U.S. lawmakers are preparing a ban on betting in Kalshi and Polymarket: combating insider trading on prediction markets
A bill has been introduced in the U.S. Congress that could radically change the rules of the game for prediction markets. Republican Brian Steil, who chairs the House Committee on House Administration, has proposed the "Stop Lawmakers from Predicting Act." The document aims to block access to platforms like Kalshi and Polymarket for members of Congress, their spouses, and minor children.
Steil's primary motivation is transparent and uncompromising: lawmakers have unique access to confidential information, and using this advantage to bet on political outcomes or government decisions undermines trust in governing institutions. As the initiator himself rightly noted, "lawmakers should write laws, not bet on their outcomes." This is not just a matter of ethics—it is a direct strike against potential insider schemes that could thrive on the opacity of political processes.

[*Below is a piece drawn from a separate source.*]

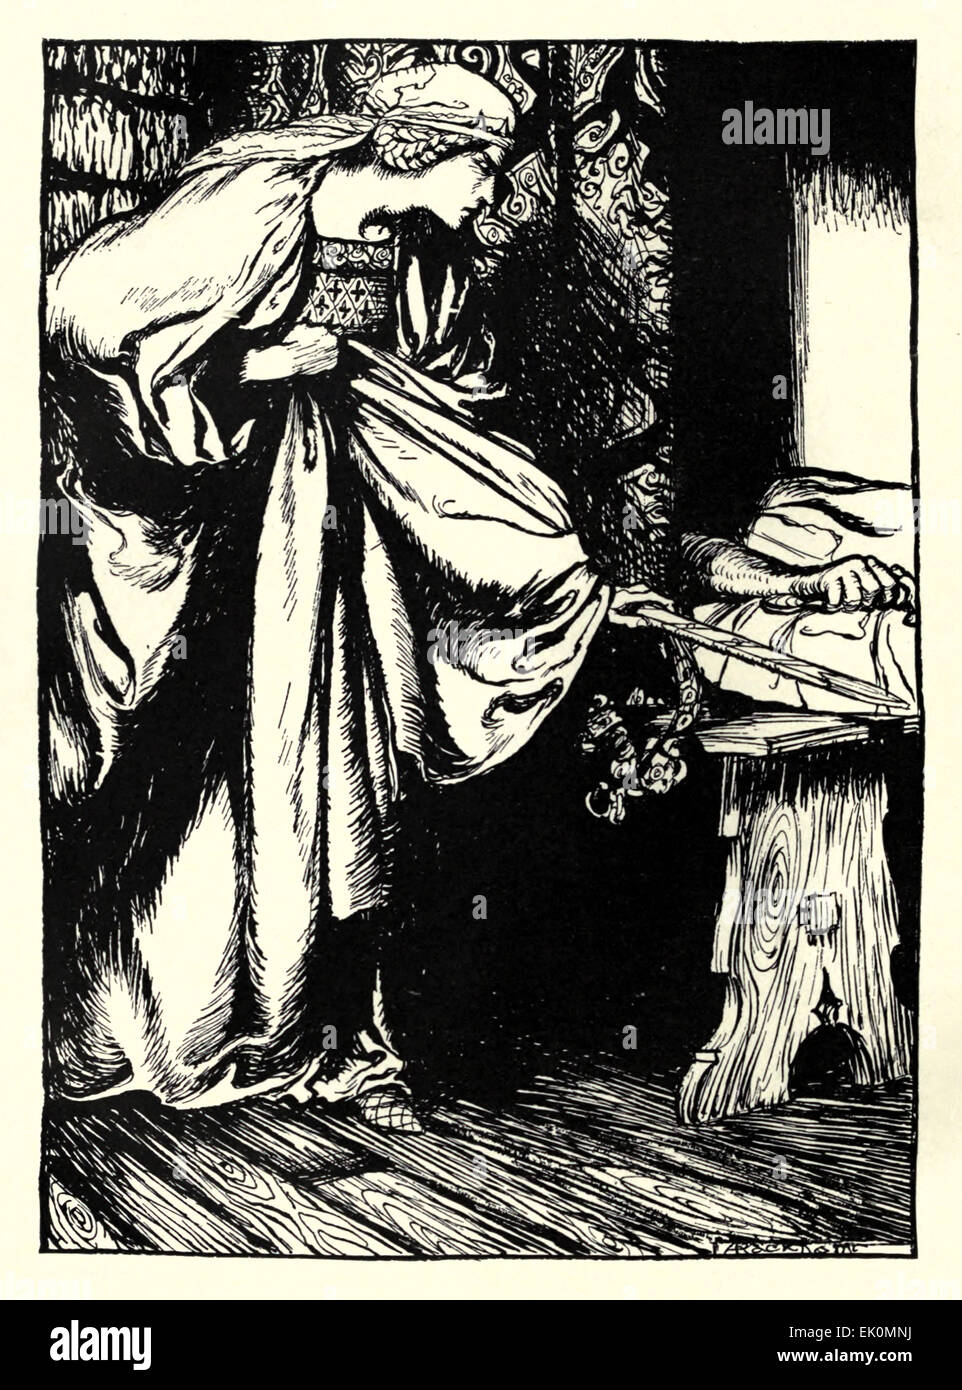 - Illustration by Arthur Rackham (1867-1939) from ‘The Romance of King Arthur and his Knights of the Round Table'. See description for more information. Stock Photo

What exactly does the new bill prohibit?
The document builds on ideas laid out in the earlier "Stop Insider Trading Act," which the committee approved on January 14. The new ban extends to bets concerning specific government decisions, actions by authorities, and outcomes of political events. Violators face a significant fine—$2,000 or 10% of the bet amount (whichever is greater). Moreover, any profits obtained illegally must be returned. An important nuance: it will be impossible to pay the fine using official funds, Senate budgets, or political donations. Those who attempt to evade responsibility will be referred to the Department of Justice for civil action. The law does not affect bets on non-political events—such as sports.
Interestingly, this initiative is only part of a broader trend. Back in March, Senators Todd Young, Elissa Slotkin, John Curtis, and Adam Schiff introduced their own "Public Integrity in Financial Prediction Markets Act," aimed at combating insider trading on any platform. In the House of Representatives, the PREDICT Act is moving forward in parallel, with similar measures for the families of officials. The Senate has already separately banned its members and staff from betting on prediction markets.
Market reaction: Kalshi and Polymarket prepare for change
The platform operators themselves are not waiting for the law to pass. As early as June, Kalshi launched a risk assessment system, employment verification, and whistleblower channels to filter out insiders. Polymarket, for its part, has integrated the Chainalysis analytics platform and is building its own online monitoring system. This indicates that the industry recognizes the risks and is attempting self-regulation to avoid stricter restrictions.
My analysis: This move is a logical continuation of the fight for market integrity that is gaining momentum in the U.S. If the law is passed, we will see not only the cleansing of prediction markets from potential manipulation but also a serious precedent for regulating the entire crypto industry. Platforms will have to implement even stricter KYC and monitoring procedures, which, on one hand, will complicate entry for retail users, and on the other, will increase trust from institutional investors. Prediction markets are becoming a battleground for transparency, and this is good for the long-term health of the entire ecosystem.